Your Enemy #1 in Your Presentation – Winning the Tackle in the First Few Minutes

One objective in the first few minutes of your presentation is to tackle enemy #1 in the room. Who is it? It’s the smartphone that everyone carries.

It happens so often: people come into the room, they sit down, and take out their phone. One last check before the meeting to see if something ‘important’ is happening. Often, the speaker starts while people still have the phone in their hand. Right from the beginning, you are competing with everyone’s phone for attention. You all know, it’s a tough competition. What’s your strategy? Ignore it? Hope every puts the phone away? Address it head on and risk annoying the audience – and implicitly admit that you won’t ‘win’ because you have a great program?

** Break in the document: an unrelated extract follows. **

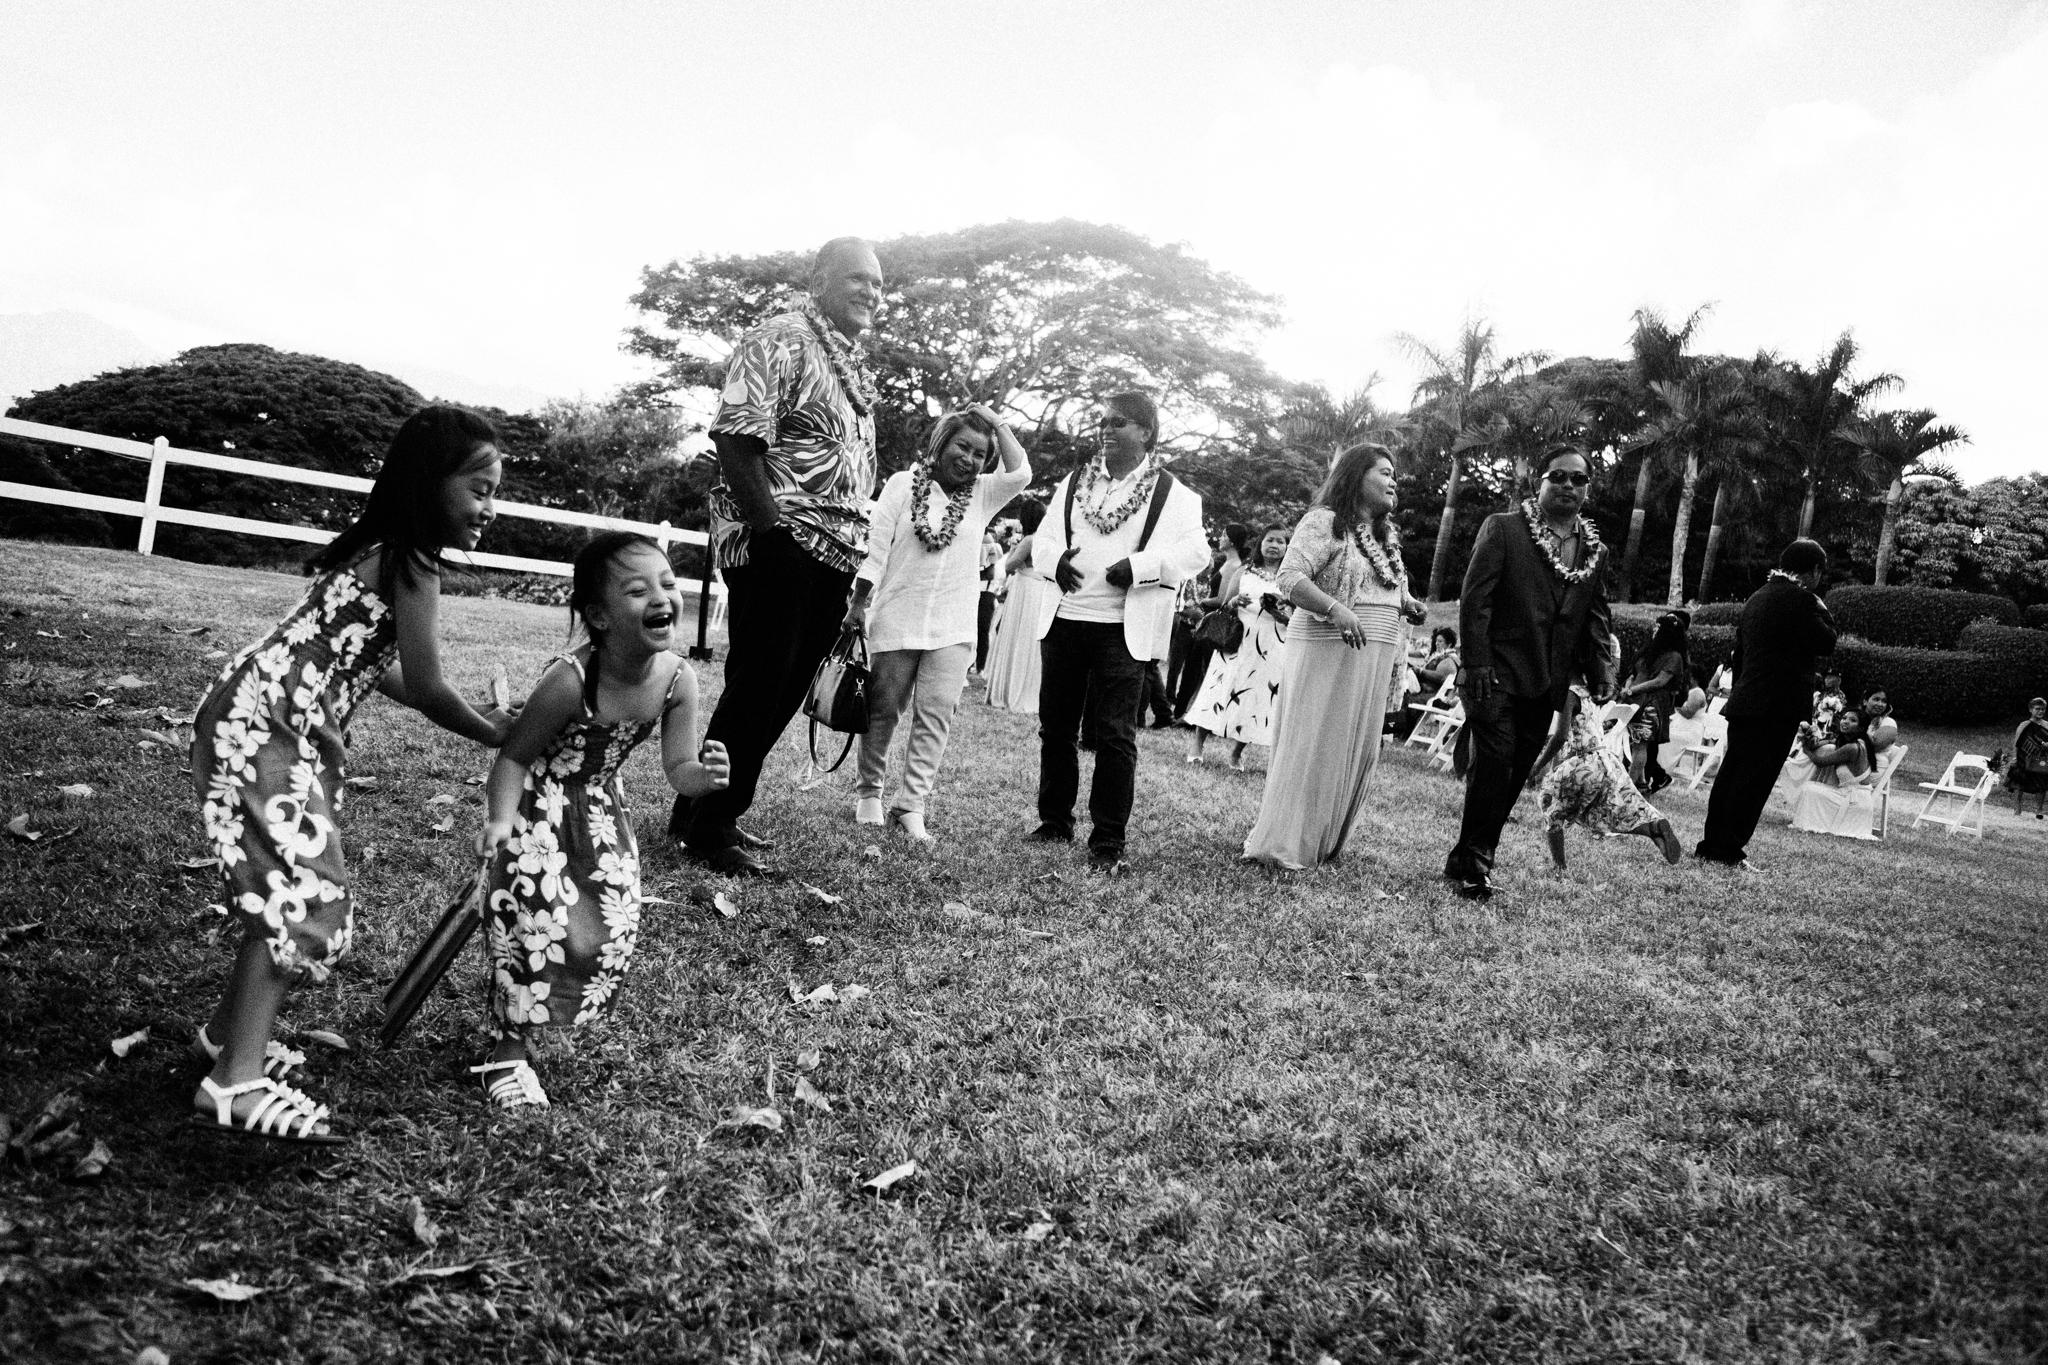 kualoa_ranch_wedding_photography_tone_hawaii-15.jpg

It’s a competition you should settle right away – and you need to keep winning it during the presentation. In a presentation skills program, we practice several graceful ways to get attention and keep it. Here are a couple of ideas that you can try out:

  • You can ask people to put the phone away. Many speakers use this approach. The benefit it that it’s direct, upfront and usually effective at the beginning of the program. (I admit, it’s far from being my favorite. I don’t want to be that blunt and I prefer my audience to want to put the phone away, instead of to have to put it away.)

 

  • For a longer presentation, such as a training program, you may cover ‘ground rules’. You can talk about it at that point. Instead of saying ‘let’s put our phones away’, I prefer an approach where you encourage the audience to be fully present to whatever is most important to them. If it means that the phone is more important, tell them they are more focused if they leave the room briefly and attend to whatever came up. Make it about presence and focus instead of the phone.

 

  • A highly preferred option is when you get the audience to put the phone away without telling them. Here is how it works: right at the beginning, use a slide that people have to look at in order to understand what’s happening. This is not a slide that is redundant to what you’re saying. (No slide should be redundant to what you’re saying, and here in this case, it defeats the whole purpose). You say something that introduces the slide, and make it explicit that the audience has to read it. Something like “our objective is here on the slide, and it’s much clearer when you all read it” – then pause and let people read. Don’t read it out loud. It causes silence in the room, and the ones who are focused on their phone wonder what’s going on, pay more attention and put the phone away.

 

  • A variation of the previous option is my absolute favorite: have a couple of funny slides upfront as part of a short introduction. When the entire room starts laughing, the people who look at the phone don’t get the joke. They don’t want this to happen again, so they put the phone away. It works like a charm – and you don’t have to say anything about phones. You just won against enemy #1 and you made yourself more likable to the audience. (Just in case you’re wondering: yes, this can also be done for a technical presentation and yes, it can be done for executive and senior audiences).